Jaime: Where did you get this much Valyrian steel?

Tywin: From someone who no longer had any needs of it.

There’s a major tonal shift going into this season. With Rob and Catelyn Stark murdered by Walder Frey last season, King Joffrey isn’t far off proclaiming that the war is over. While Arya Stark would certainly love to avenge her father, mother and brothers deaths at the hands of the Lannisters, there’s not much she can do. The same can be said for Sansa. Jon Snow also seems to have different priorities.
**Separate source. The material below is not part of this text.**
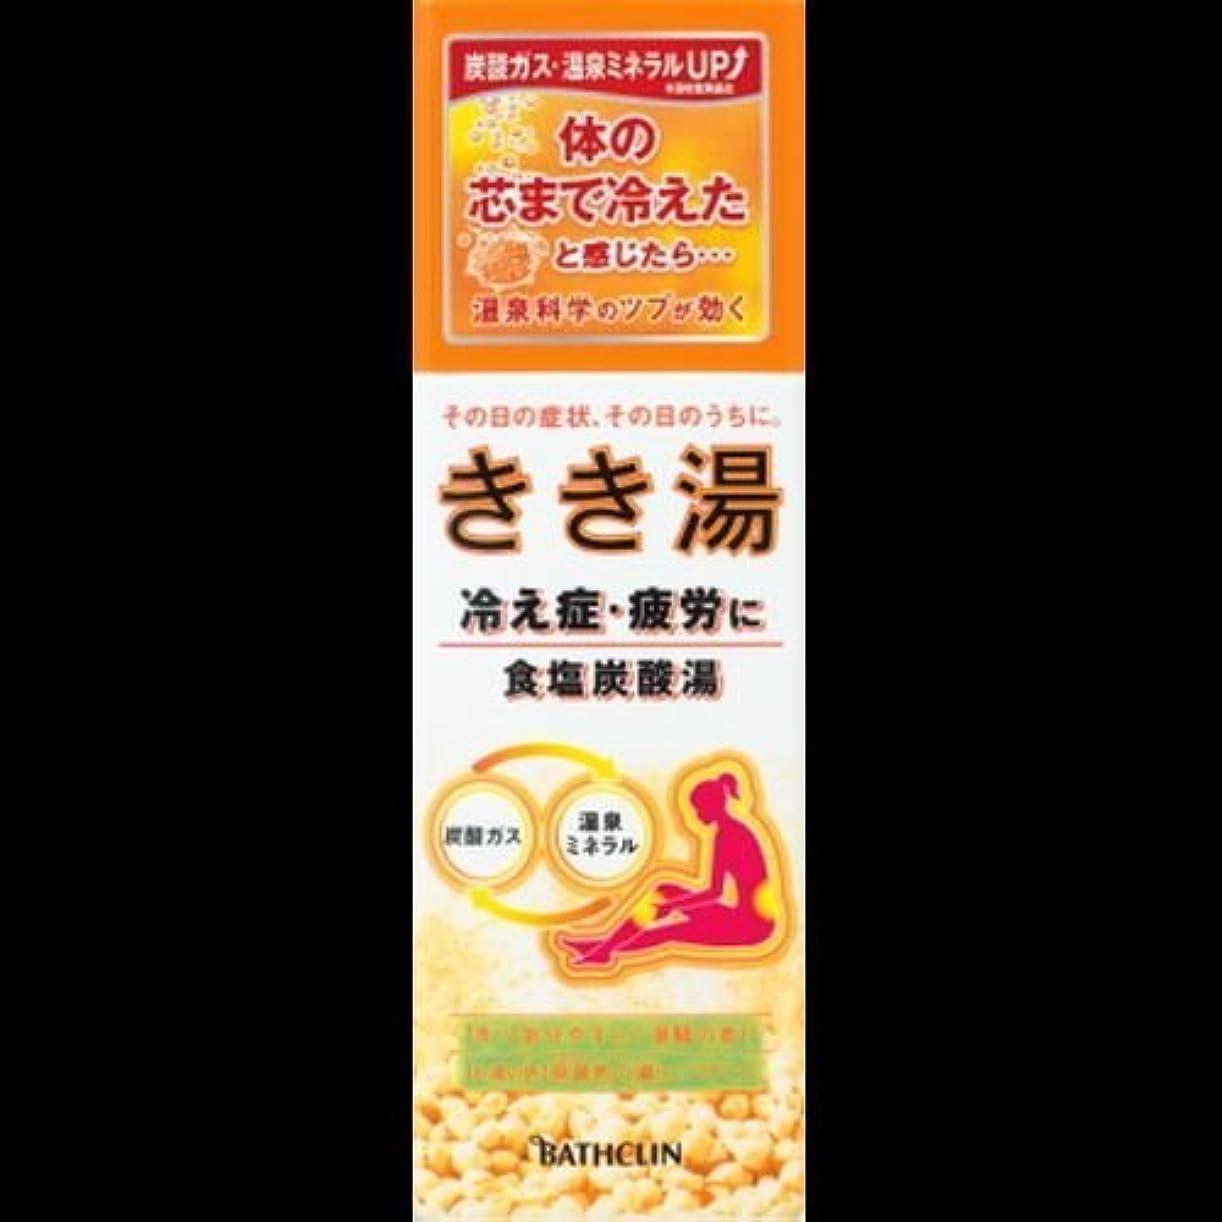 次へ明らかにするパイル【まとめ買い】きき湯 食塩炭酸湯 気分やすらぐ潮騒の香り萌黄色の湯(にごりタイプ) 360g ×2セット

There’s no denying that things have taken a major change and one of the biggest things we can expect from this season is relying on the characters themselves and their individual journey’s. There’s no going back for any character on the show right now. Even for the Lannisters, Jaime in particular, change is undeniable. As he has a fake hand molded for him, he disregards his fathers demands to rule Casterly Rock in his stay. Instead, Jaime remains on the Kings Guard, even without his dominant hand. As the episode progresses, he’s torn apart from all angles. His father practically disowns him, Cersei has moved on and King Joffrey, whom Jaime has sworn to protect, makes passive aggressive comments to him at any opportunity. With all this uncertainty, it was the perfect time to introduce a new character.

Enter Prince Oberyn “Famous for Fucking Half of Westeros” Martell. As Tyrion waits outside the gates of Kings Landing to greet party guests for Joffrey’s upcoming wedding, he learns that the Prince of Dorne won’t be attending, but rather his brother Oberyn will be attending in his stead. Oberyn is equal parts lust and loath. He blames the Lannisters for the death of his sister her babies (his sister was married to Rhaegar Targaryen). So while the Lannisters aren’t safe by any means, we’re not entirely sure of his motives so far. But with his distaste for the Lannisters, it’s hard to believe this won’t play some major role at some point this season.

Oberyn: You know why the whole world hates the Lannisters? You think your gold and your lions and your gold lions make you better than everyone. May I tell you a secret? You’re not a gold lion. You’re just a pink little man who’s far too slow on the draw.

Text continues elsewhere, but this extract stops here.